The Colorado Springs Gazette

Freedom Springs celebrates 3 years

Housing complex dedicated to supporting at-risk and formerly homeless veterans


AColorado Springs housing complex dedicated to supporting at-risk and formerly homeless veterans is celebrating its third year of existence.

Freedom Springs, located at 734 Western Drive on the east side of the city, opened in 2020 with an aim toward housing and providing a variety of services to veterans and their families. On Monday, team members from Volunteers of America Colorado, the Veterans Affairs Medical Center and the Vecino development group joined dozens of previously unhoused veterans for an open house and anniversary celebration.

“We’re here to help our former service members make the transition from homelessness to sustainability,” said regional manager Brenna Baros.

For some veterans, the transition is nearly instantaneous, but for others, it can take months, or even years, Baros said. Placing a roof over their heads is just the beginning. Many of the residents are dealing with mental health issues, substance abuse disorders and other concerns.

The facility has on-site case managers who routinely check on the residents, help with budgeting, harm reduction and various other needs, officials said. A full-time VA staff member has an office in the building as well.

“Knowing they have a safe place to live, and individuals who are willing to work with them, makes a world of difference in many of their lives,” Baros said. “We don’t force change on anybody. They come to us and tell us the changes they want to make, and we break down those barriers, make them into smaller, more achievable goals so they don’t seem overwhelming.”

“We take down the barriers, but we expect (the veterans) to do the work,” said Dave Schunk, president and CEO of Volunteers of America Colorado. “That’s an important part of what we do here.”

Residents are required to put 30% of their income toward rent, officials said. Some formerly homeless individuals, still struggling after years of being unhoused, have trouble returning to a regular rent payment schedule. The Freedom Springs team serves as a firm, but forgiving, landlord.

“Part of what these veterans are doing, while they live here, is building up a rental history,” said community manager John Pettigrew. “If you have a history of nonpayment of rent, or you have an eviction on your record, it’s hard to rent a place somewhere else.”

Freedom Springs staff members also

work to help residents reconnect with families from whom they have become estranged.

“We had one resident whose family thought he was dead,” said Heather Bradley-geary of The Vecino Group. “The team put him together with his family, and they began to reconnect.”

The long-range goal, officials said, is to give veterans a sense of stability and community, help them build a solid rental history and eventually move on to their own homes.
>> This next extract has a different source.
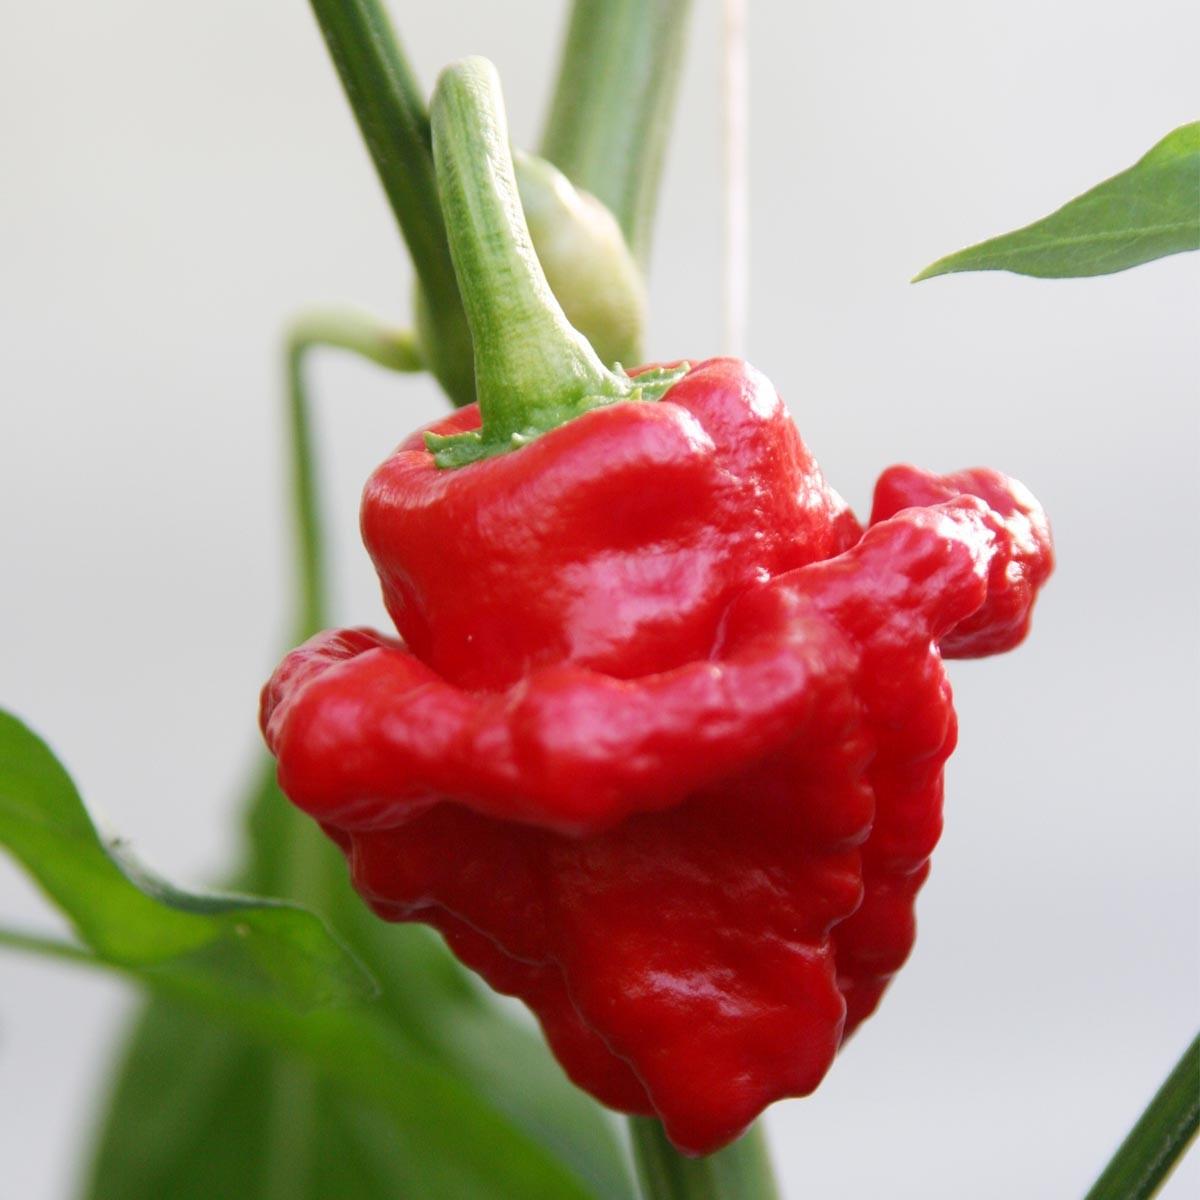 Scotch Bonnet Chili 'Animo® Red' extrem scharf
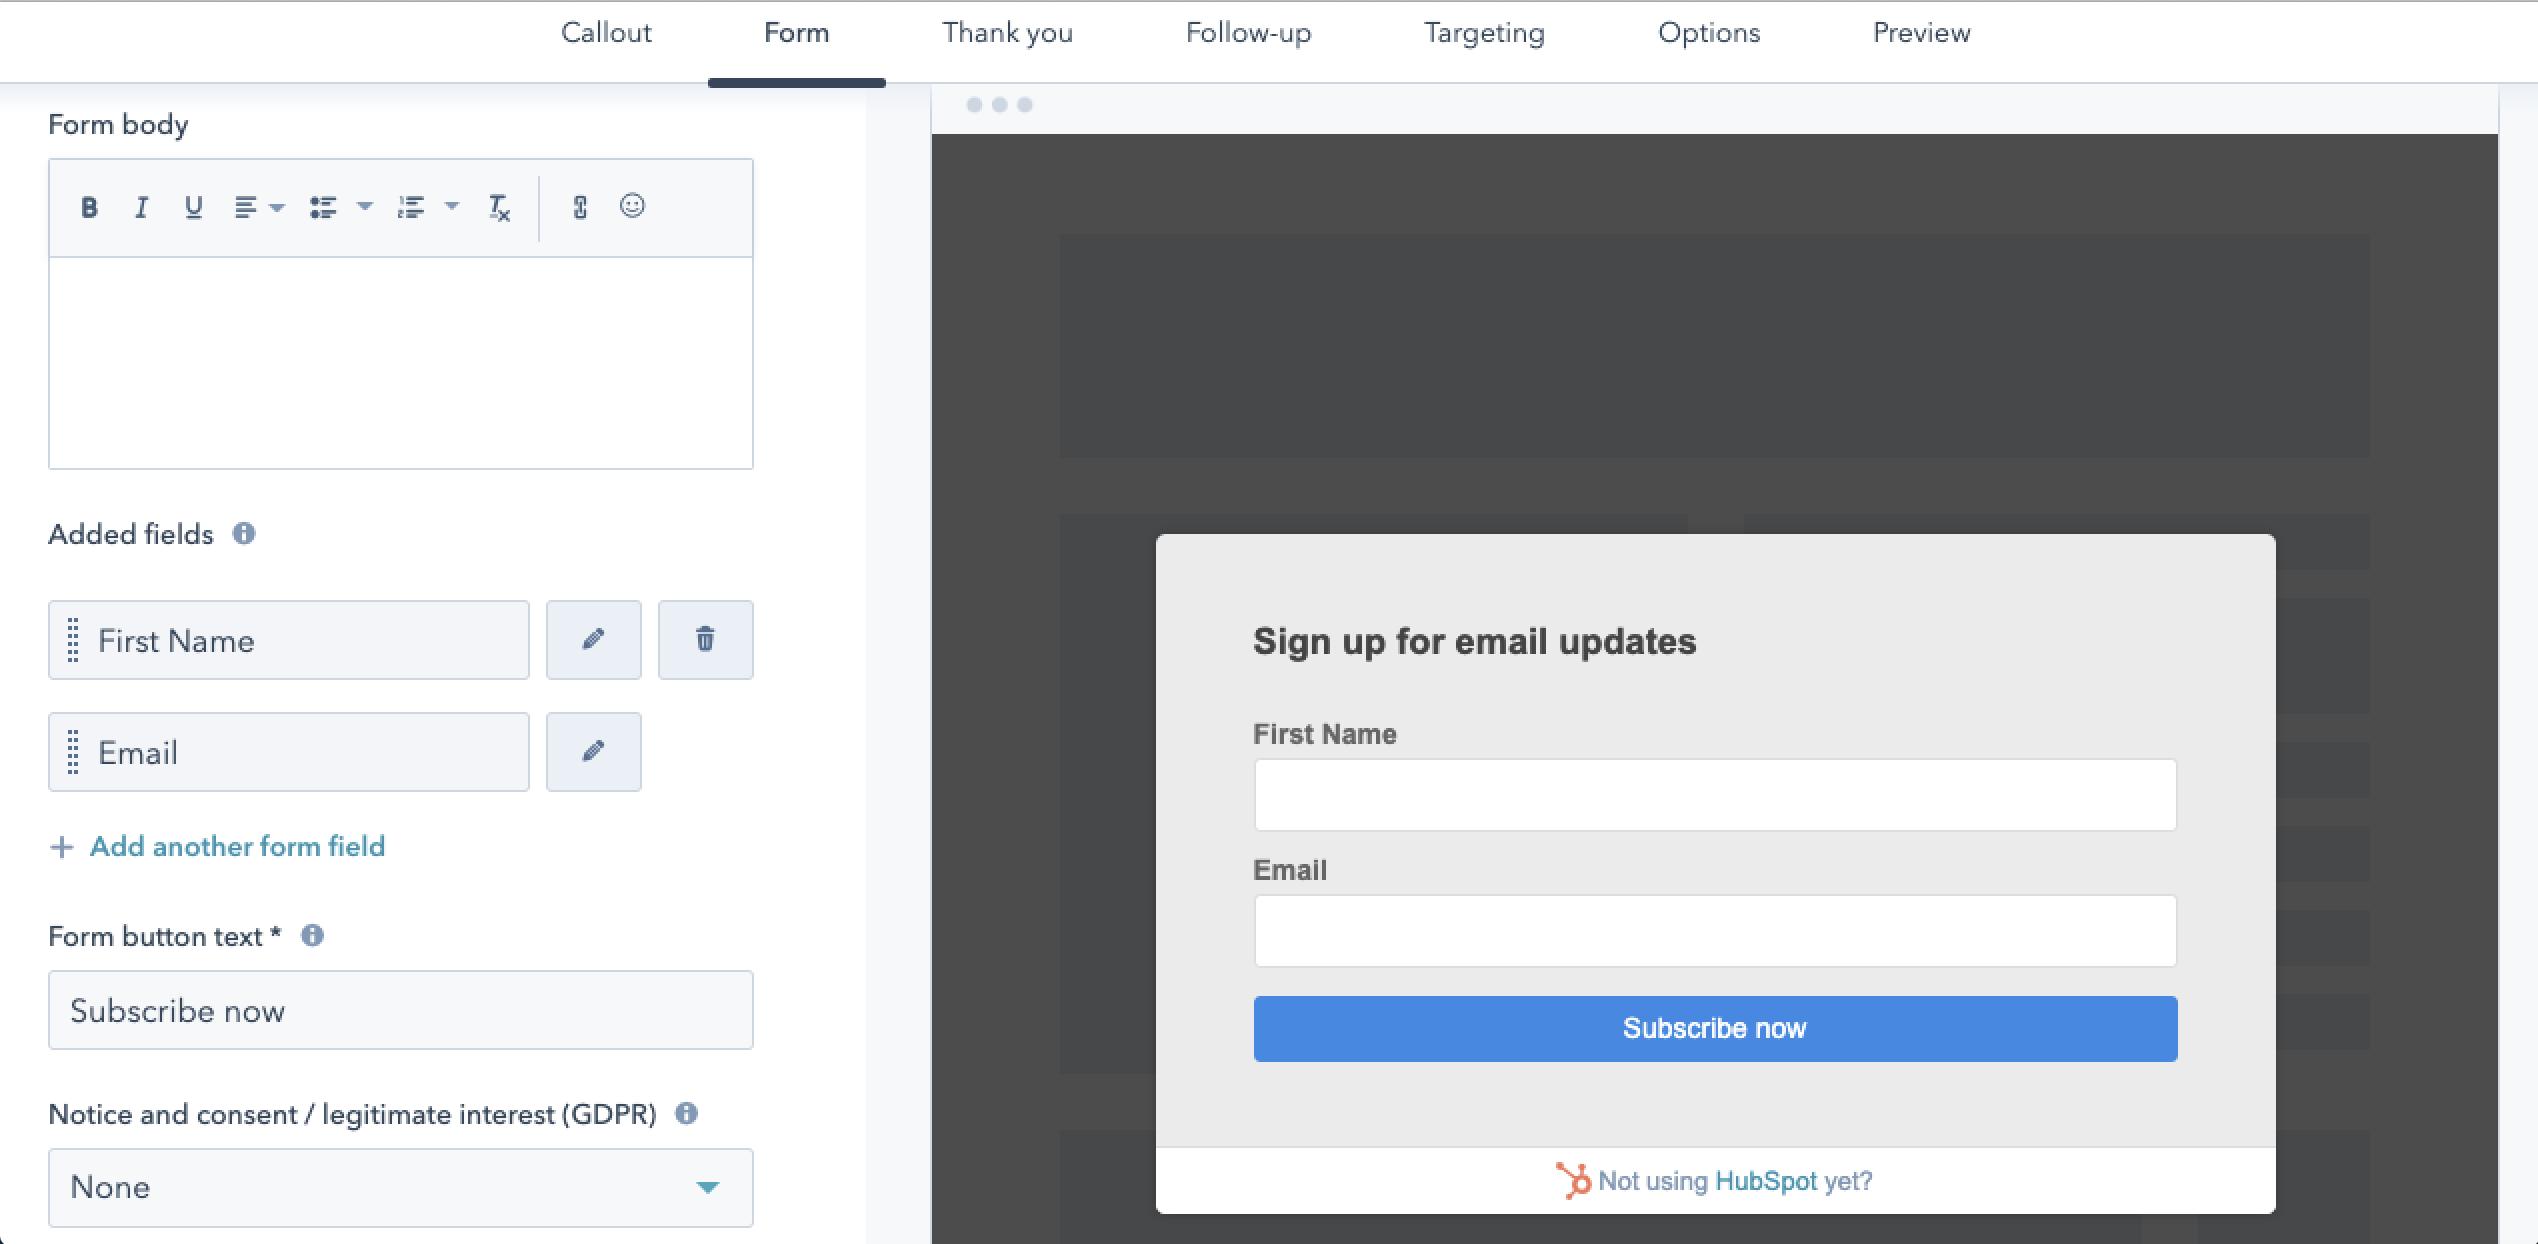 HubSpot Form Builder pop-up forms

“That’s what I call ‘graduating,’” Pettigrew said. “It’s a great thing to see.”

Doug Olig, a Navy veteran and retired bricklayer, and his wife Anna, a former business owner, found themselves living under a tent on the south end of the city before they discovered Freedom Springs.

“This place changed our lives,” Anna said. “The services they provide are absolutely wonderful. I see a therapist once a week. My husband has a physician that comes here to provide care. Because of Freedom Springs, we have a home.”

“(Freedom Springs) has been a godsend for us,” said Doug, who received assistance with substance abuse issues. “They’ve helped me stay clean and opened new doors for us.”

On Monday afternoon, team members interacted with residents while they enjoyed a barbecue lunch. A handful of people shot hoops on an outdoor basketball court. Veterans laughed as they shared stories. Schunk took it all in with a smile.

“It’s satisfying when you see these veterans become empowered, when you see their dignity return,” he said. “That’s definitely worth celebrating.”